Problem with OpenFoam 6 -parallel on remote HPC nodes

mrishi · May 15, 2019, 15:54

Hi,
I am trying to build OpenFOAM-6 in my home directory of an HPC cluster.
When I try to submit a domain-decomposed job to the compute nodes:

Code:

mpirun -np 2 simpleFoam -parallel

I get the following error message.

Code:

[cn364:03855] [[INVALID],INVALID] ORTE_ERROR_LOG: Not found in file ess_env_module.c at line 367
[cn364:03854] [[INVALID],INVALID] ORTE_ERROR_LOG: Not found in file ess_env_module.c at line 367


[cn364:03855] [[INVALID],INVALID]-[[36818,0],0] mca_oob_tcp_peer_try_connect: connect to 255.255.255.255:45715 failed: Network is unreachable (101)
[cn364:03854] [[INVALID],INVALID]-[[36818,0],0] mca_oob_tcp_peer_try_connect: connect to 255.255.255.255:45715 failed: Network is unreachable (101)
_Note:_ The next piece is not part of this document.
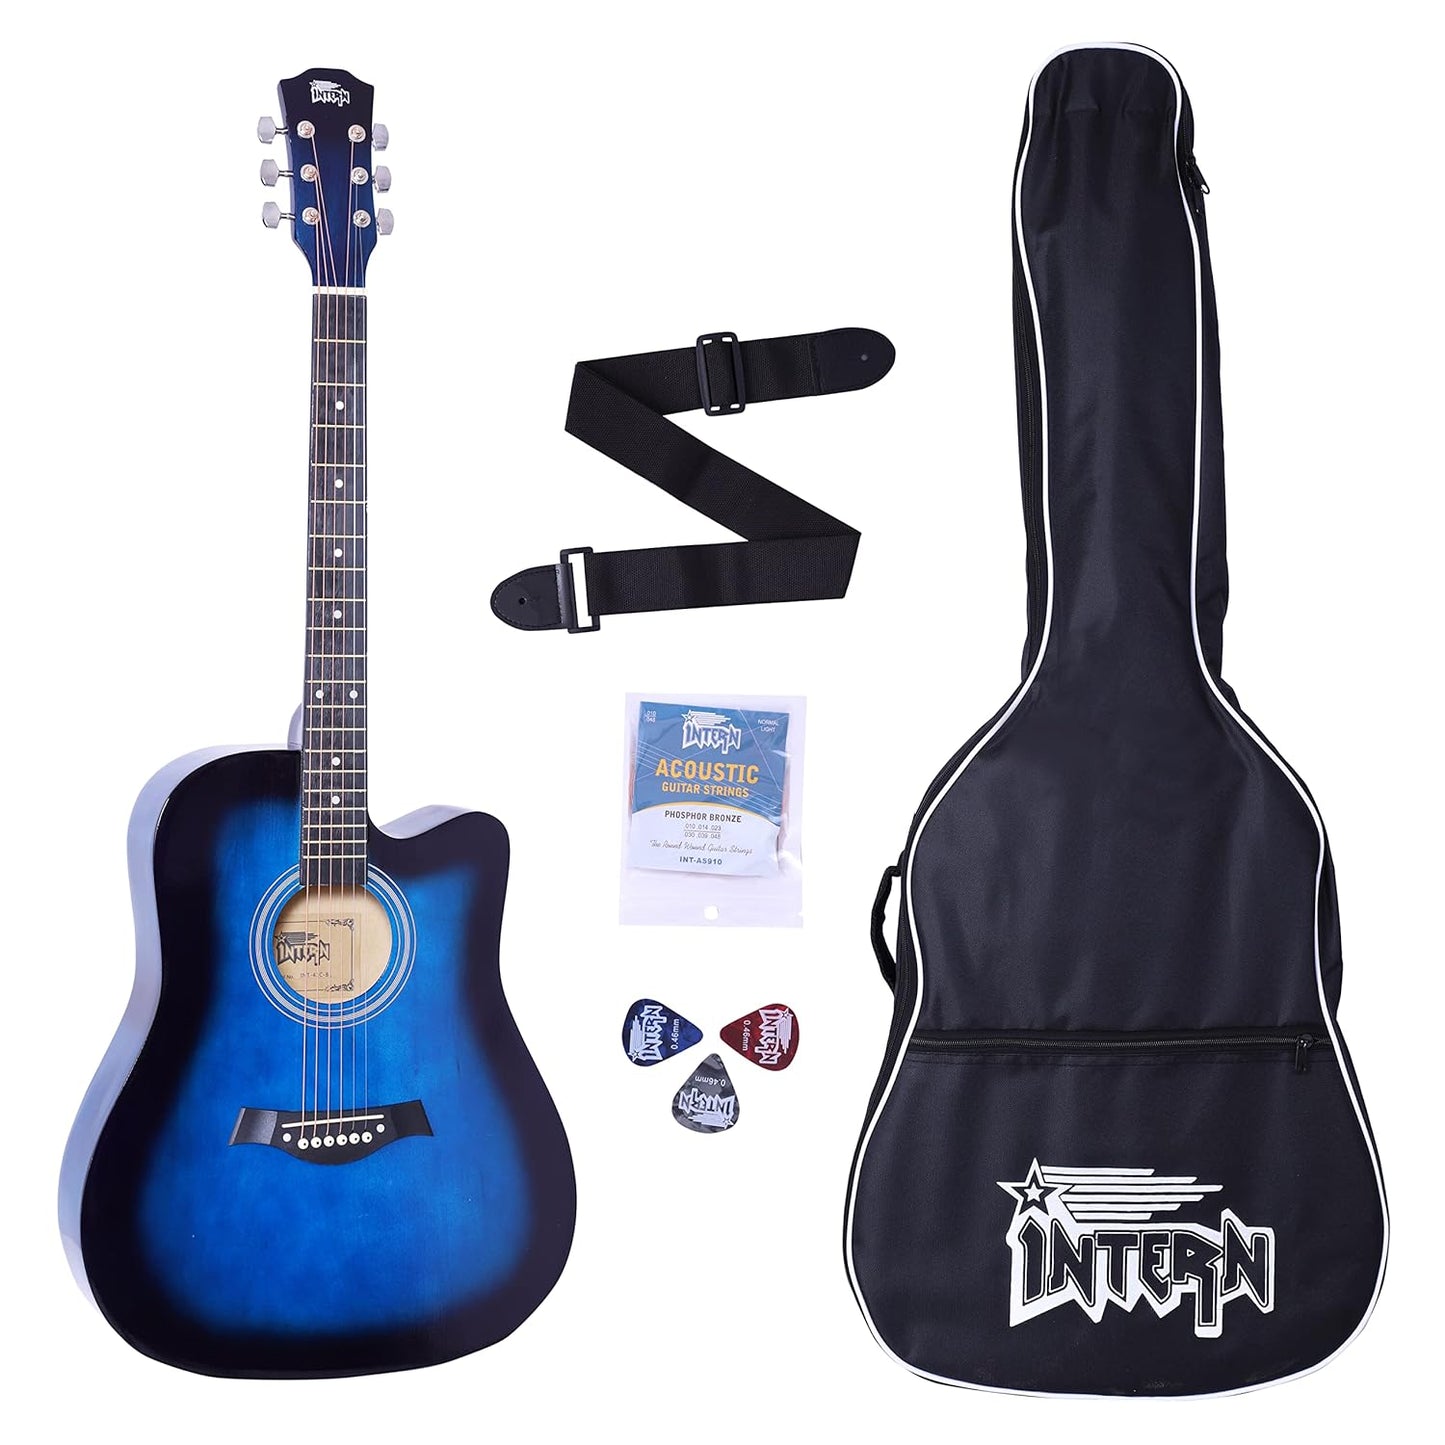 INTERN 41 inches Acoustic Guitar with truss rod. Includes carry bag, strings pack, strap & plectrums. Premium Wooden durable built, tonal stability & for all age-groups(Electric Blue).

The above problem does not appear if I do not pass the -parallel argument, ie if I send 2 copies for serial processing:

Code:

mpirun -np 2 simpleFoam

Moreover, if I run the parallel case on my login node itself, it runs fine without error.

My login node has OpenMPI-1.8.1 whereas the compute nodes have 1.10.4. As a result I initially had problems finding mpirun, mpicc etc when submitting jobs, but got over it by adding both openmpi-x.x.x/bin directories to PATH, after which my serial jobs could run successfully on the compute node. However, the decomposed case still runs into the conflict shown above and I cannot figure out the reason behind it.

This makes me think there is an MPI related conflict somewhere.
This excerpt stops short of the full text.